The Pentagon’s announcement that it is reducing its ground forces to their lowest levels since before the beginning of World War II is not sensational in and of itself. The Army is just one component of America’s armed forces, which also include the Marines, Navy and Air Force. If we add it all up, in 1940 the U.S. had 458,000 people in arms, and presently there are 1,369,000. Thus, America still has tremendous military might; the overall Pentagon budget last year was greater than the total of all armaments expenditures for the next 13 countries, more than five times higher than that of the second in rank, China.
In the context of China, the information on the U.S. military forces’ transformation is even more interesting, confirming trends which concern European space as well, and which, moreover, are not limited to the military sphere. The Pentagon wants to invest more money — at the expense of land forces — in lighter specialized units that can be swiftly utilized against terrorists. It is also markedly strengthening cybersecurity, in addition to which Defense Secretary Chuck Hagel explicitly emphasized that the Americans also need warships that are more modern — as a counterweight, he added, to increasingly serious challenges in Asia and the Pacific. Here, we are obviously not talking about Japan, but namely about China, whose growing military power is one of the fundamental reasons the U.S. is redirecting its priorities — in terms of strategy as well as security — toward Asia.

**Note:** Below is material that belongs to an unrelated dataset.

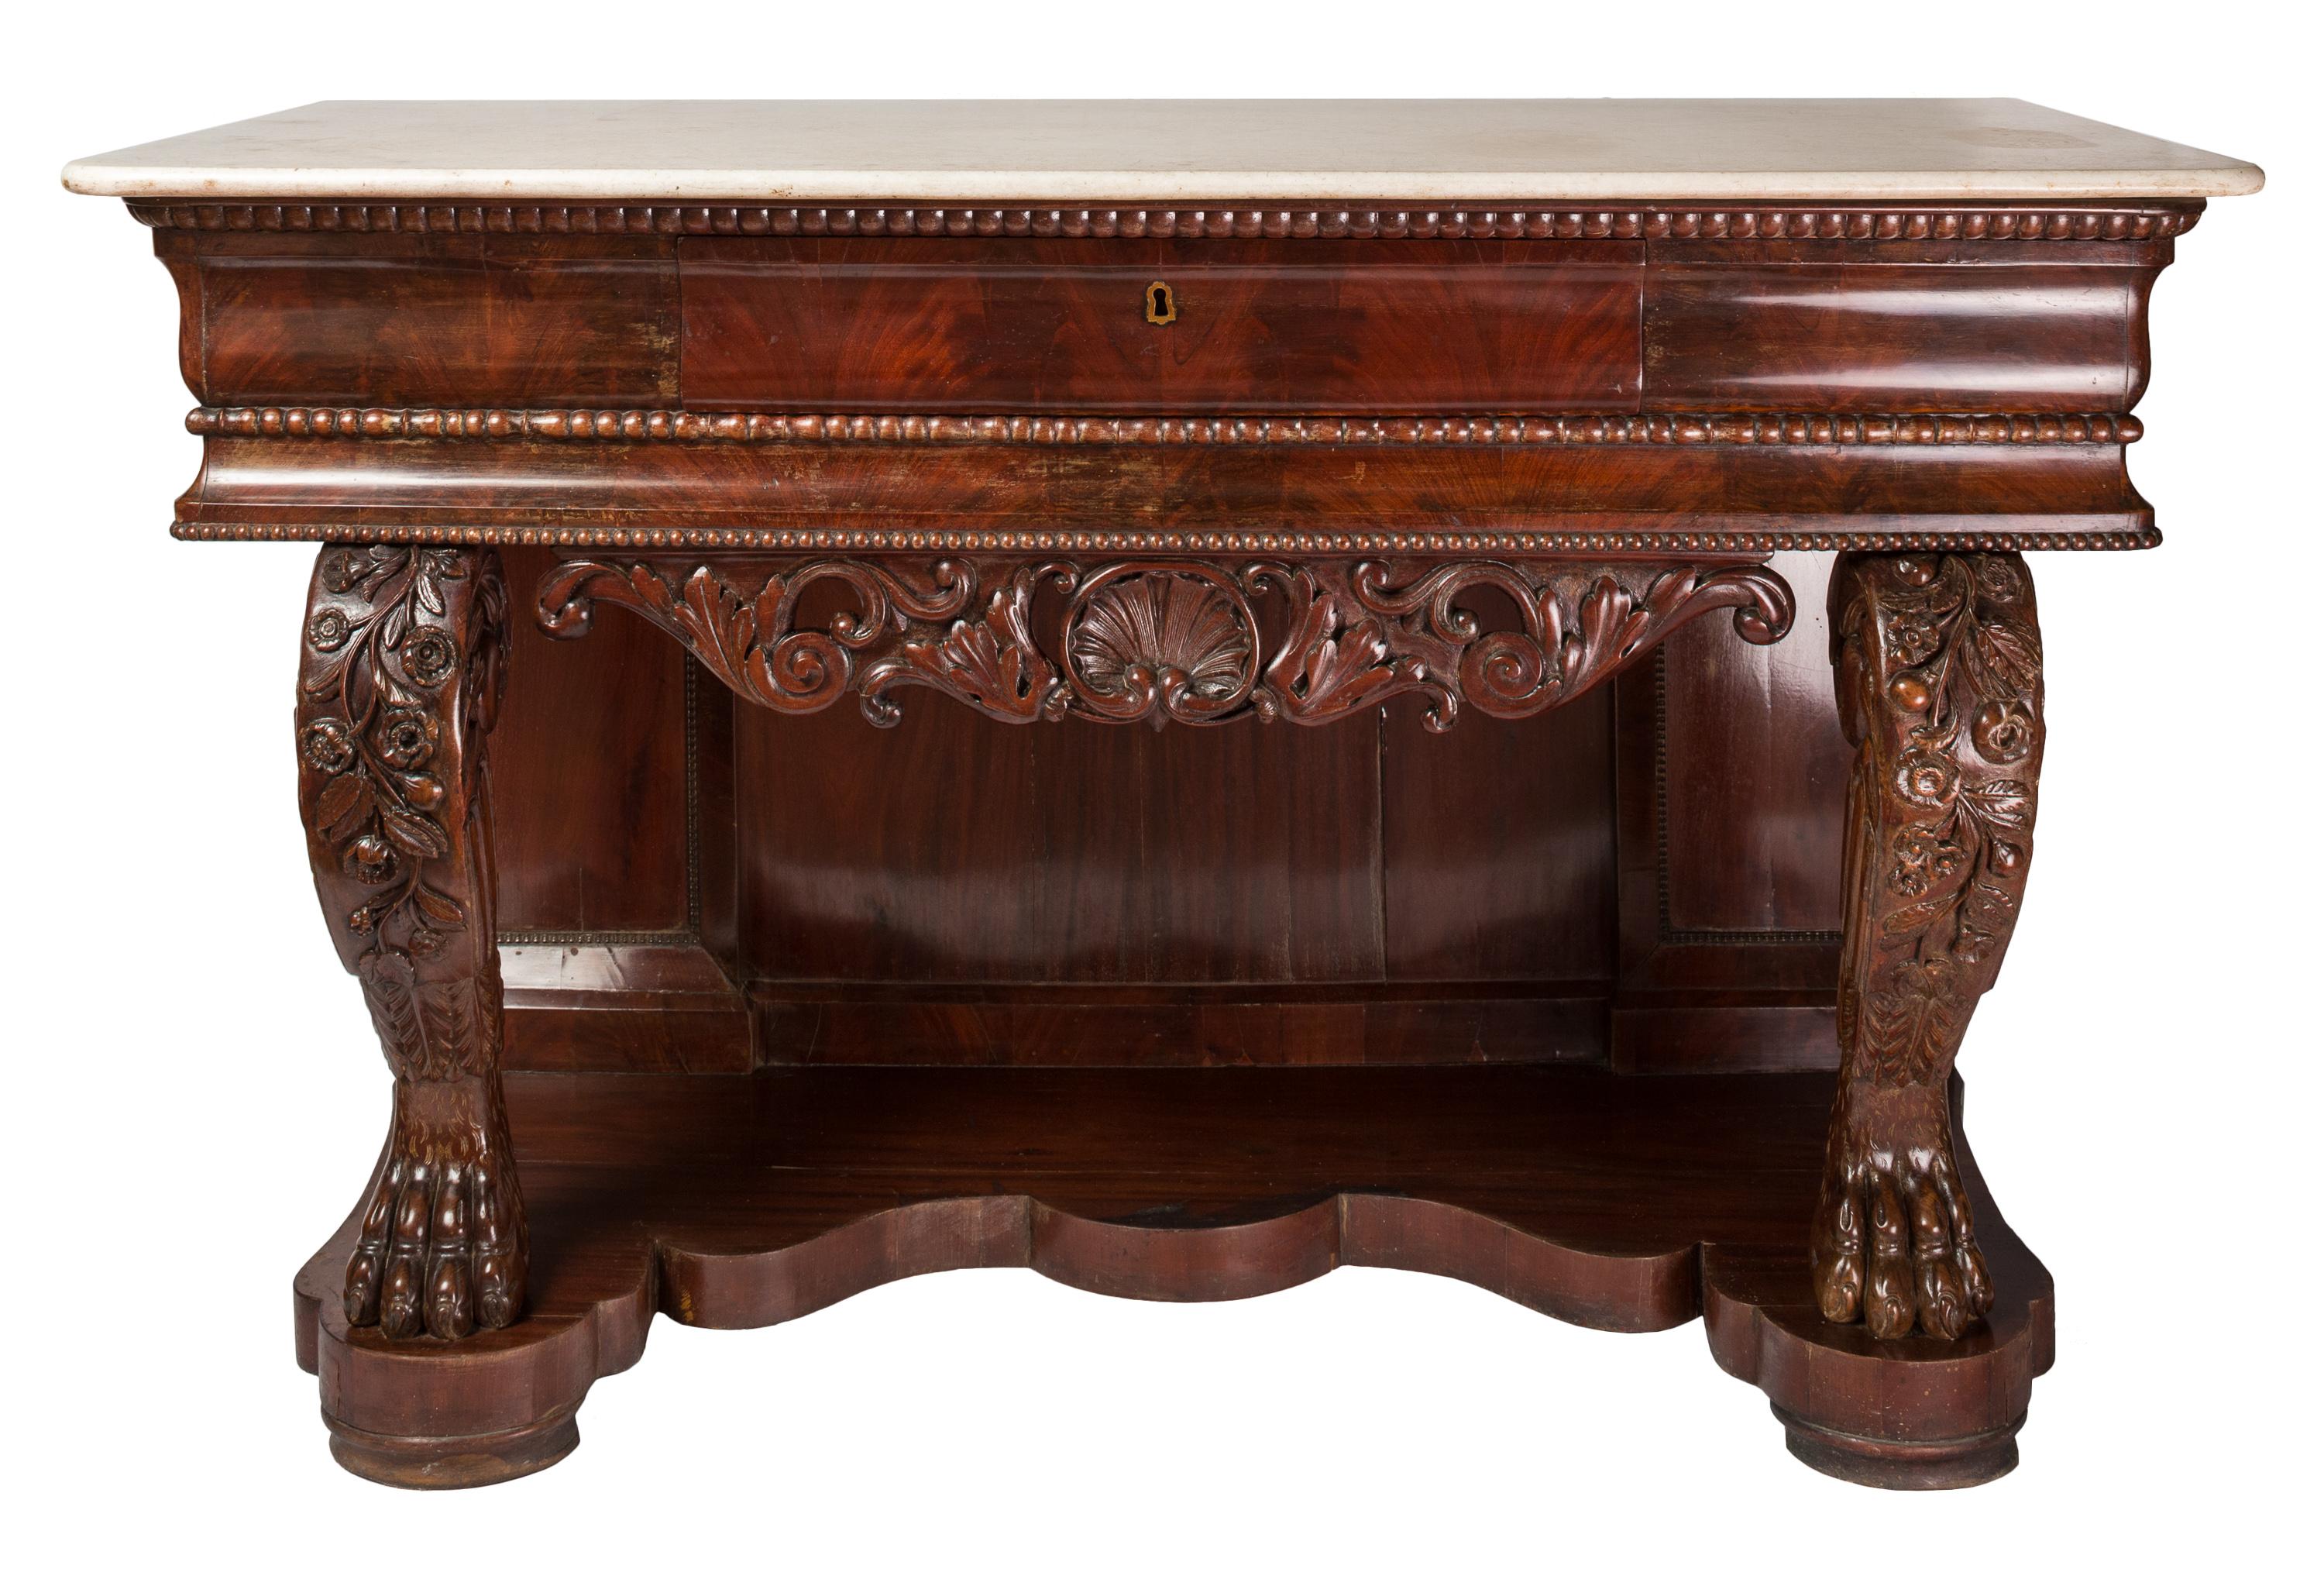 19th Century French Charles X style hardwood console table, with rectangular white marble top over a conforming frieze with single locking drawer, raised on muscular scrolled cabriole legs ending in claw feet standing on an undulate base. The

At the same time, this redeployment means that the U.S. is moving out of somewhere else. It has reduced the number of American troops in Europe by 70 percent since the end of the Cold War. It is supposed to be reduced by a further one-fifth by 2017, and at the same time, the troop drawdown is one of the manifestations of a more general reduction in America’s strategic priorities in Europe.
A quarter century after the fall of the Iron Curtain, and following the steady expansion of the democratic space of the EU, that seems logical. But another question is whether Europe is prepared to take on the responsibility — not just for itself, but above all for the concerns in its neighborhood. The crisis in Ukraine may be, in this sense, a fundamental test, a secondary-school exit exam on whether the present-day EU is capable of solving something other than its internal problems, and at the same time, whether the American departure hasn’t been premature.